Under the terms of the framework:

  • Dedicated bus lanes will be incorporated on the new bridge from the start.
  • The bridge will be constructed with mass transit capacity compatible with a Bus Rapid Transit (BRT) system and Commuter Rail Transit.
  • A Regional Transit Task Force will be created to study costs and options for regional transit, including commuter rail and a BRT system on the bridge and key portions of the Westchester-Rockland corridor.
  • The Task Force will issue recommendations in one year, with a plan for short-term steps that can be considered for immediate commencement, as well as long-term plans for transit solutions.
  • Incentives will be created for contractors that could be used to reinvest in regional mass transit or to moderate impact on toll-payers.

As a result of agreement on this framework, the three county executives joined other regional leaders on August 20, 2012 at a meeting of the New York Metropolitan Transportation Council (NYMTC) to vote yes to include the new Tappan Zee Bridge project in the region’s long-range transportation plan. The unanimous vote qualifies the project for federal funds. Read the press release.

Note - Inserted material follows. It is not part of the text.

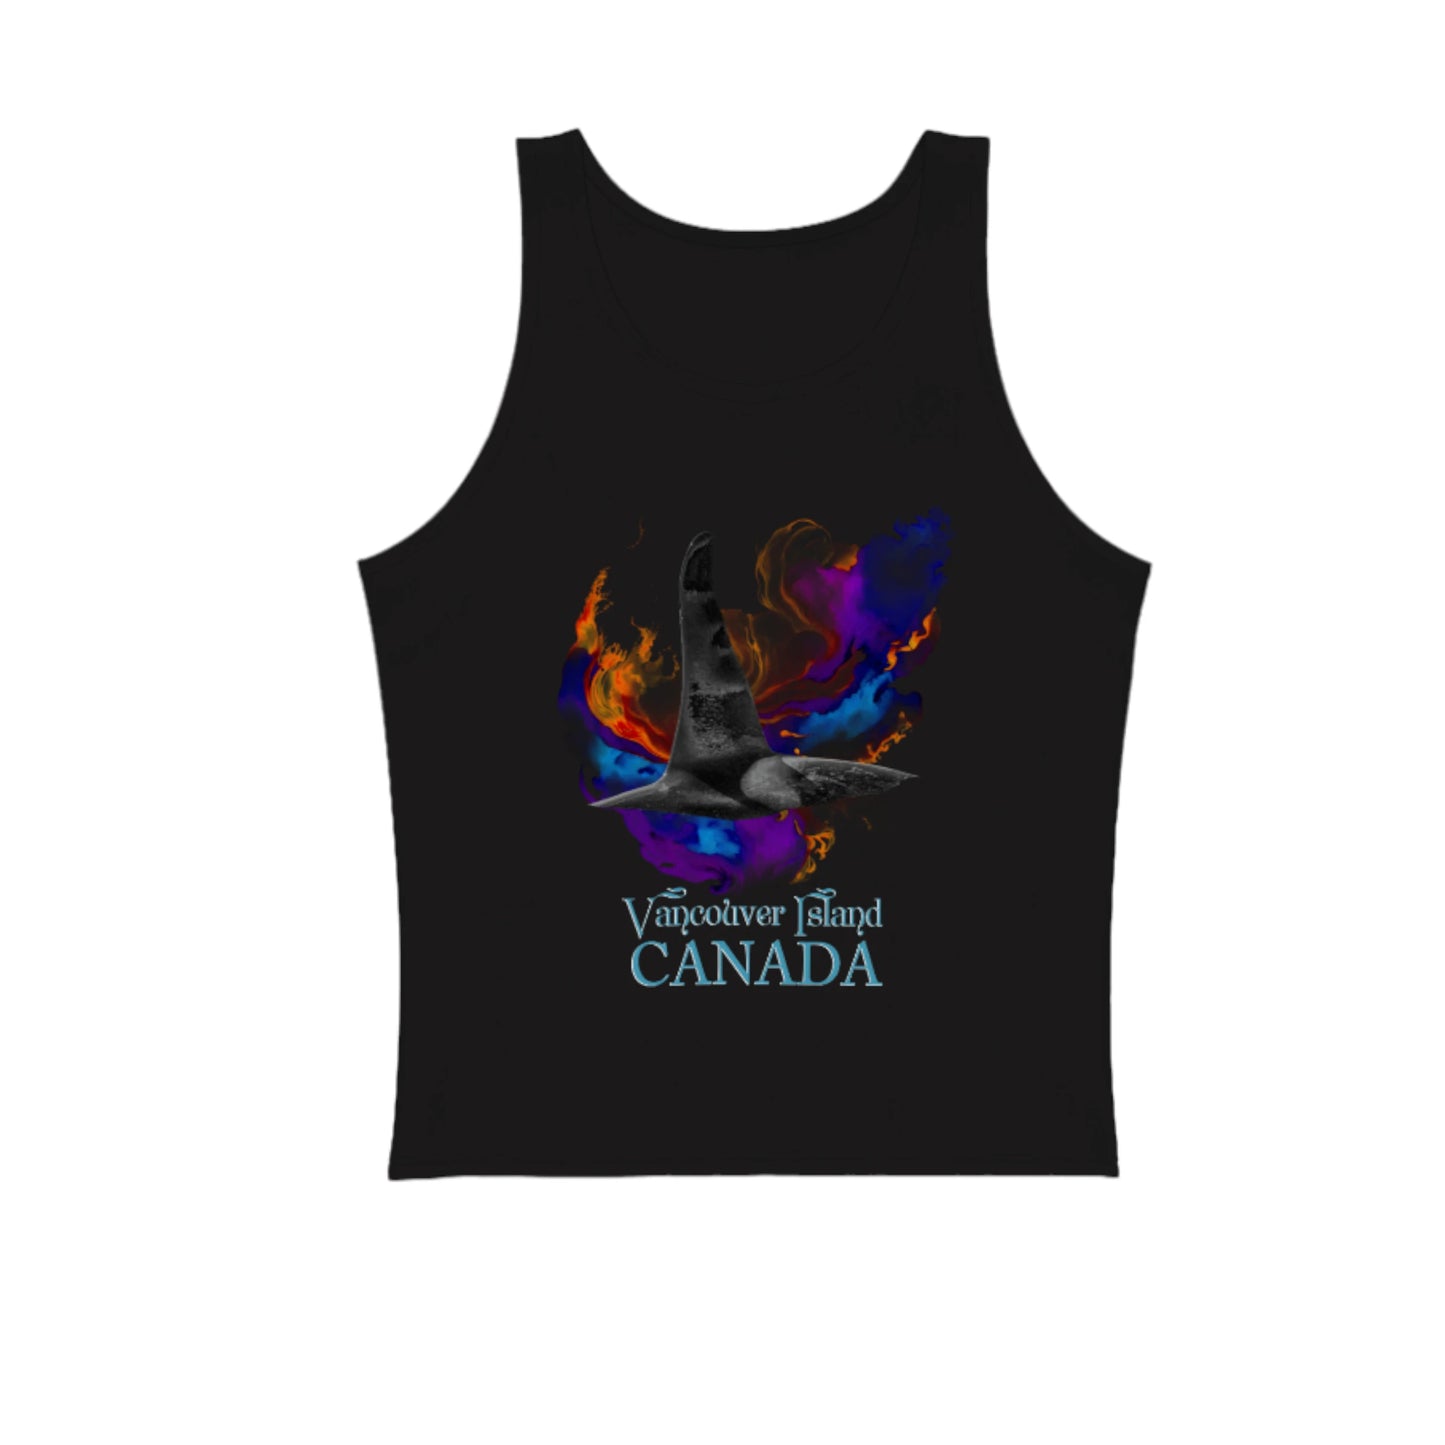 Orca Aura Vancouver Island Canada Premium Unisex Tank Top.  Souvenir of Vancouver Island. The image features an large male orca dorsal fin with an abstract aura of colours! by van isle goddess dot com

This action followed years of planning activity on the future of the Tappan Zee Bridge. Built in 1955, the 3.1-mile Tappan Zee Bridge (TZB) is now in the middle of a heavily trafficked 30-mile long east-west corridor that stretches between Suffern, in Rockland County, and Port Chester, in Westchester County. When constructed, the TZB handled 18,000 vehicles a day. Due to the dramatic growth in population and employment throughout the corridor, traffic today averages 135,000 vehicles a day – 120% of the bridge’s design capacity. In addition to the problem of congestion, the bridge is also showing serious structural problems. While the bridge is still safe for travel, it requires increasing maintenance just to keep it in its current state. In addition, the bridge only has 3.5 travel lanes in each direction, with a moving barricade in the middle. It has no shoulders and no capacity for a rapid-transit system.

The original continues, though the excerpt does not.